Im konkreten Fall geht aus dem Konditionenblatt für die neuen Kontopakete nicht hervor, ob sich mit einem Umstieg die Vertragsbedingungen verbessern, verschlechtern oder auch gleich bleiben. Der Verbraucher kann den Vergleich oft auch nicht durch einfaches Nachschauen in den Kontoauszügen anstellen, sondern müsste sich die Einzelheiten der aktuellen Konditionen für die jeweiligen Leistungen erst zusammensuchen, seinen Kundenbetreuer aufsuchen oä. Die Situation von Bestandkunden ist auch nicht mit jener von Neukunden vergleichbar, weil erstere den Aufwand eines Marktvergleichs und Anbieterwechsels oft nur bei einer nicht mehr als akzeptabel empfundenen Verschlechterung der Vertragsbedingungen auf sich nehmen. Bei einem Produkt wie einer Girokontoverbindung hat ein Änderungsvorschlag vom Ausmaß wie dem vorliegenden daher so zu erfolgen, dass der Verbraucher in klarer und verständlicher Weise auch den Umfang der Änderungen erkennen kann. Das kann bspw durch Mitübersendung einer Übersicht der bisherigen Entgeltregelungen erreicht werden.

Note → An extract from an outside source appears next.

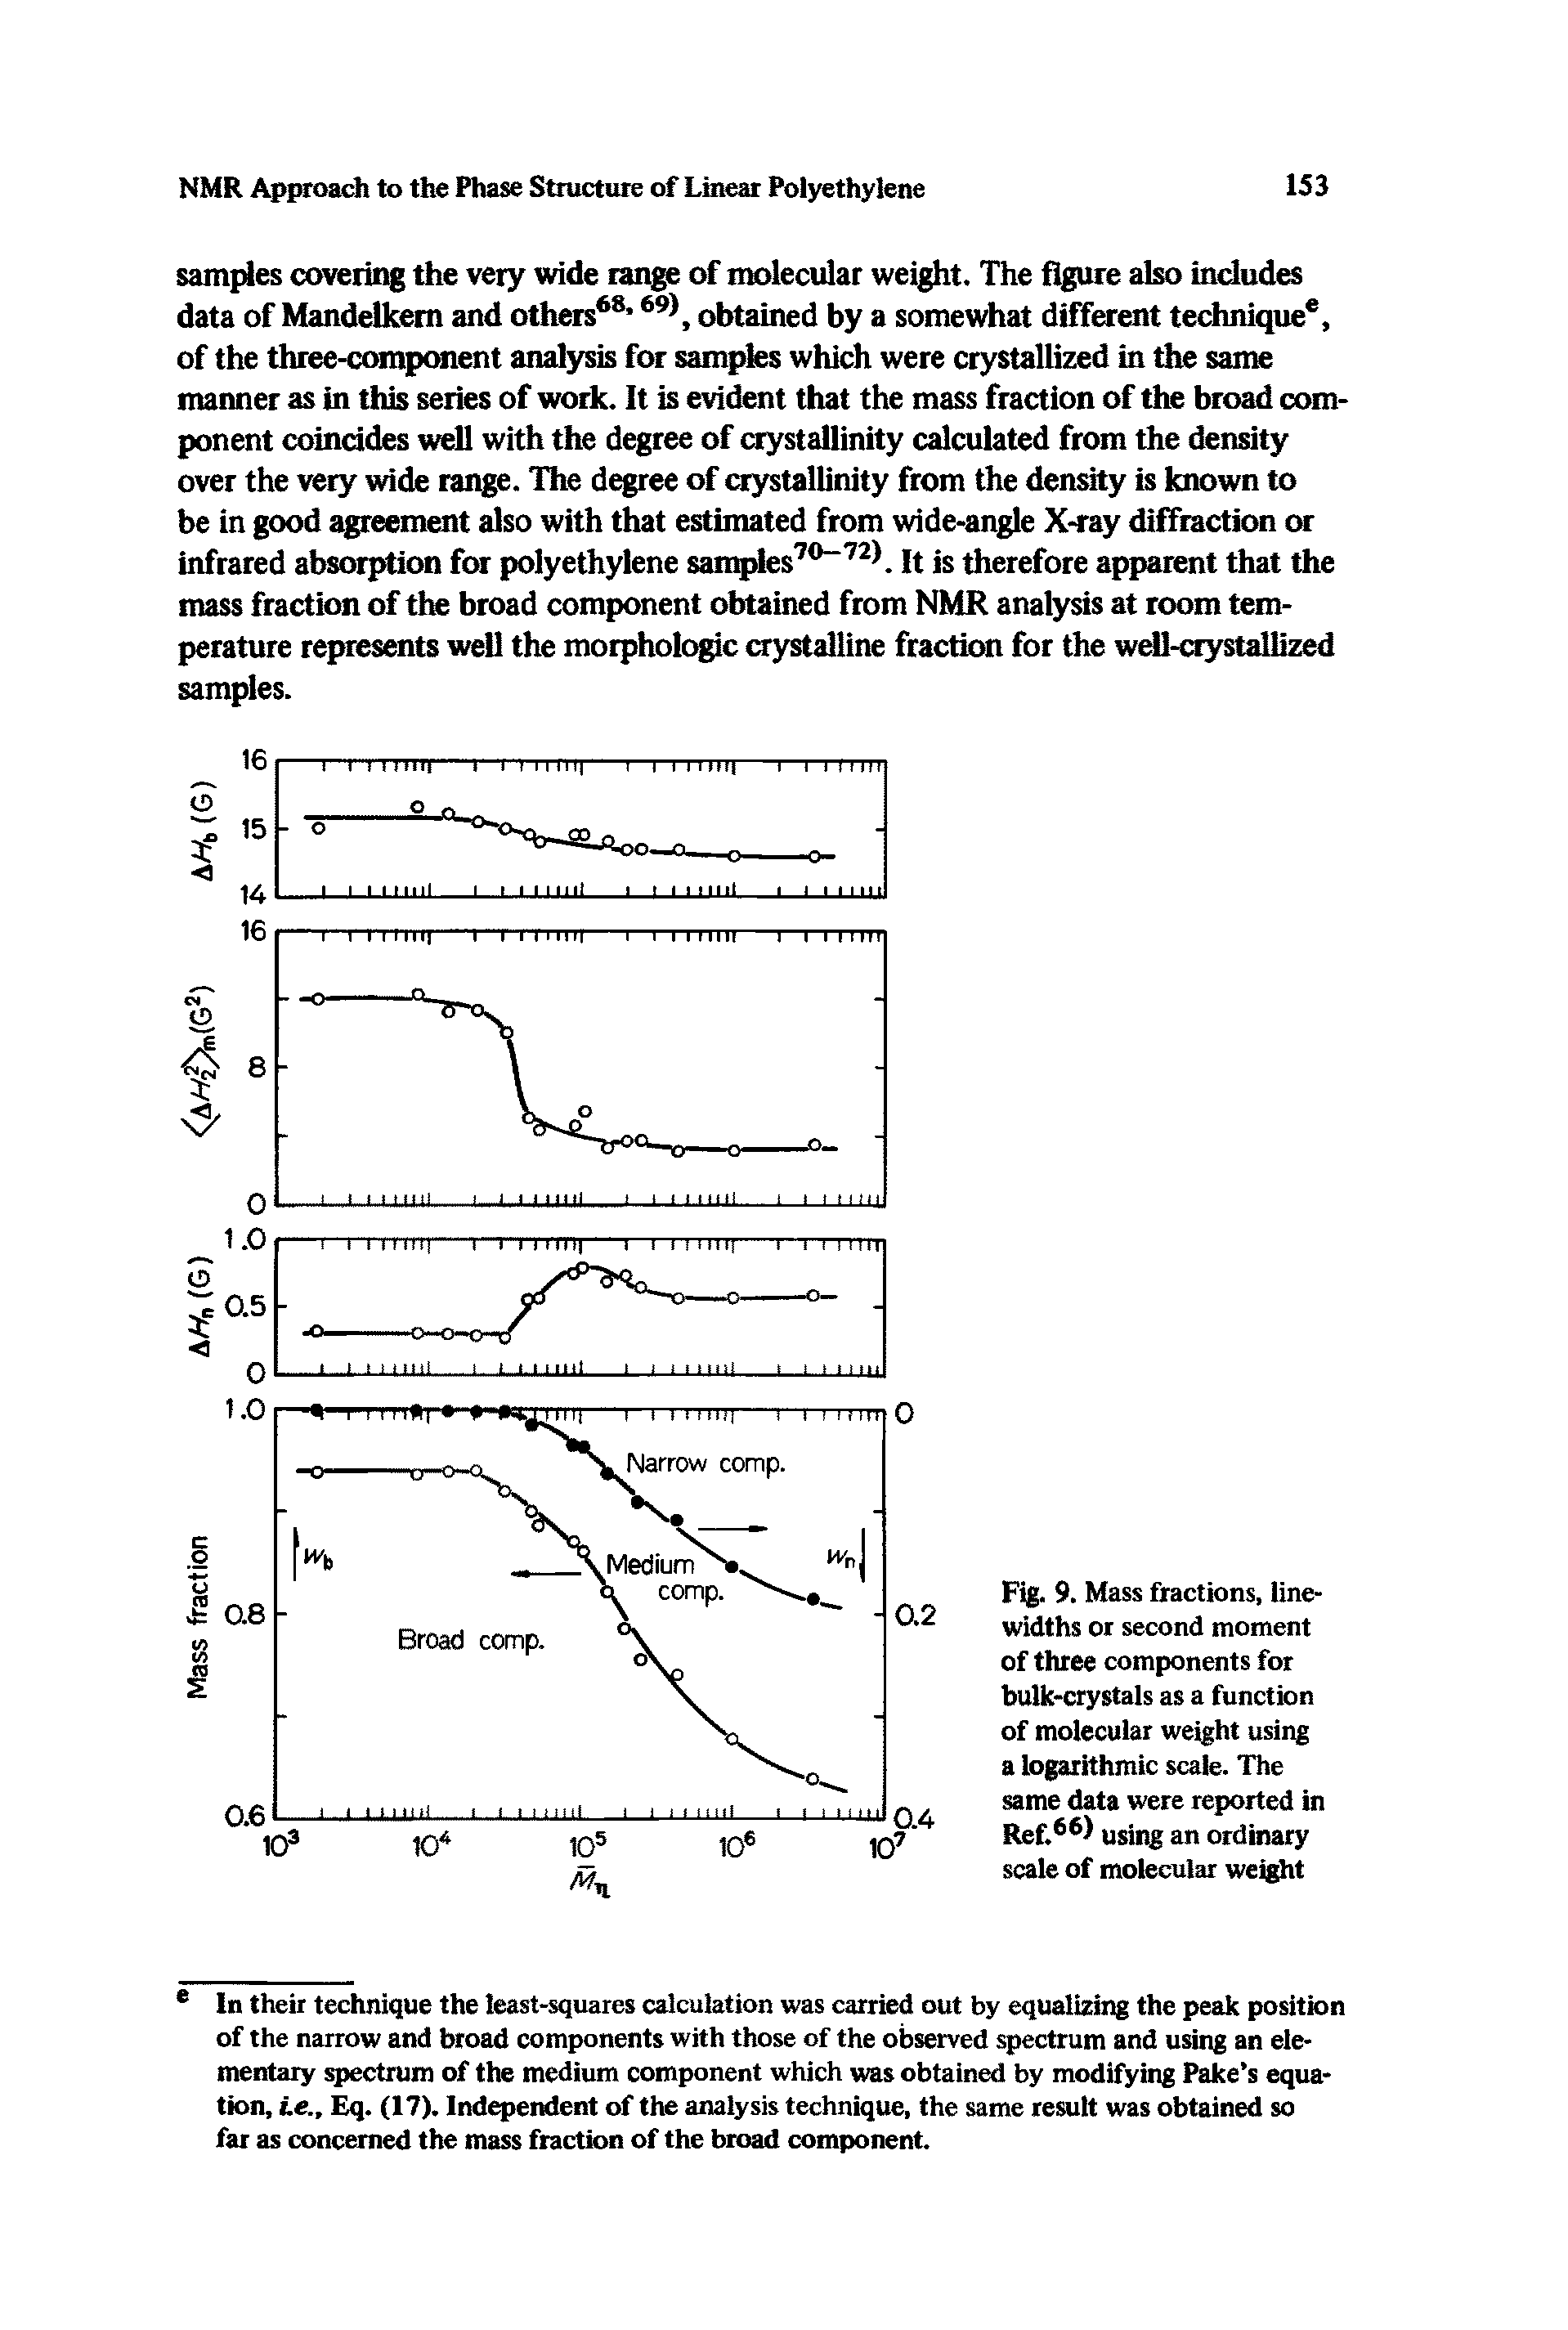 Fig. 9. Mass fractions, line-widths or second moment of three components for bulk-crystals as a function of molecular weight using a logarithmic scale. The same data were reported in Ref.66 using an ordinary scale of molecular weight...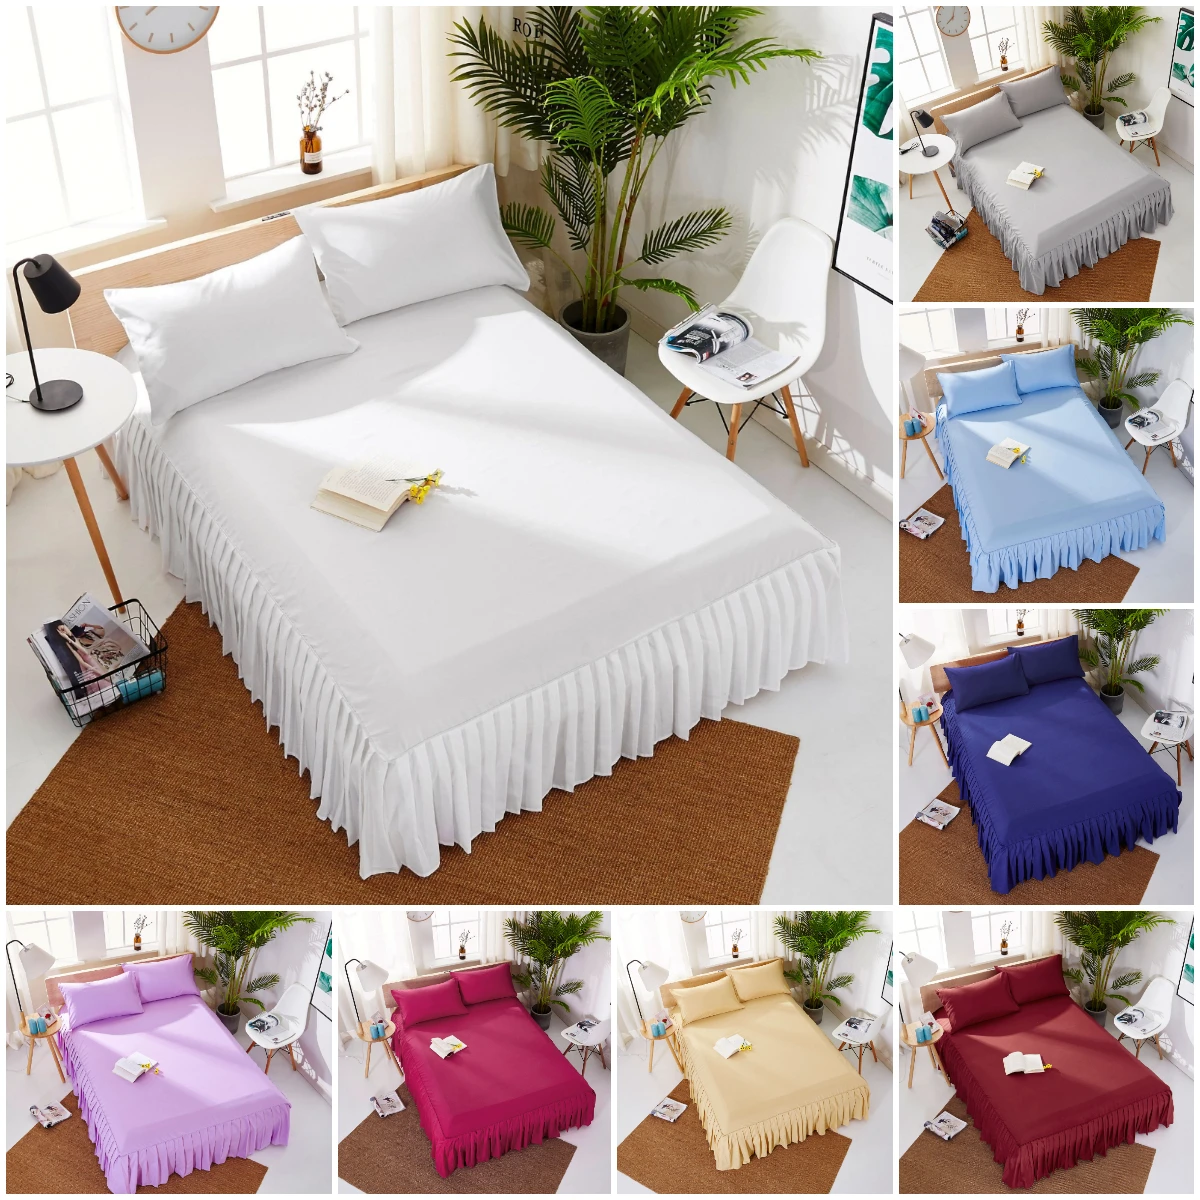 https://ae01.alicdn.com/kf/Ha66e596ed463426fbc8ab352d4d3fe03U/European-Pure-Color-Bedspreads-Bedskirt-Bed-Sheet-Combined-Bed-Covers-Super-Soft-Colchas-Queen-King-Size.jpg

Dass der Verbraucher sein Einverständnis mit den vorgeschlagenen Konditionen auch vor Fristablauf mit sofortiger Wirkung abgeben kann, verstößt nicht gegen die gesetzliche Zweimonatsfrist, weil ein weiterer Fristenlauf nach Abgabe einer verbindlichen Erklärung des Verbrauchers den Zweck einer Überlegungsphase verfehlt.
Ob die „Ankreuzklausel“ als solche intransparent ist, war nicht zu prüfen weil es dem VKI nur um die Verwendung der Klausel im Zusammenhang mit der Änderungskündigung ging und sein Rechtsschutzbedürfnis mit dem ausgesprochenen Unterlassungsgebot gedeckt ist.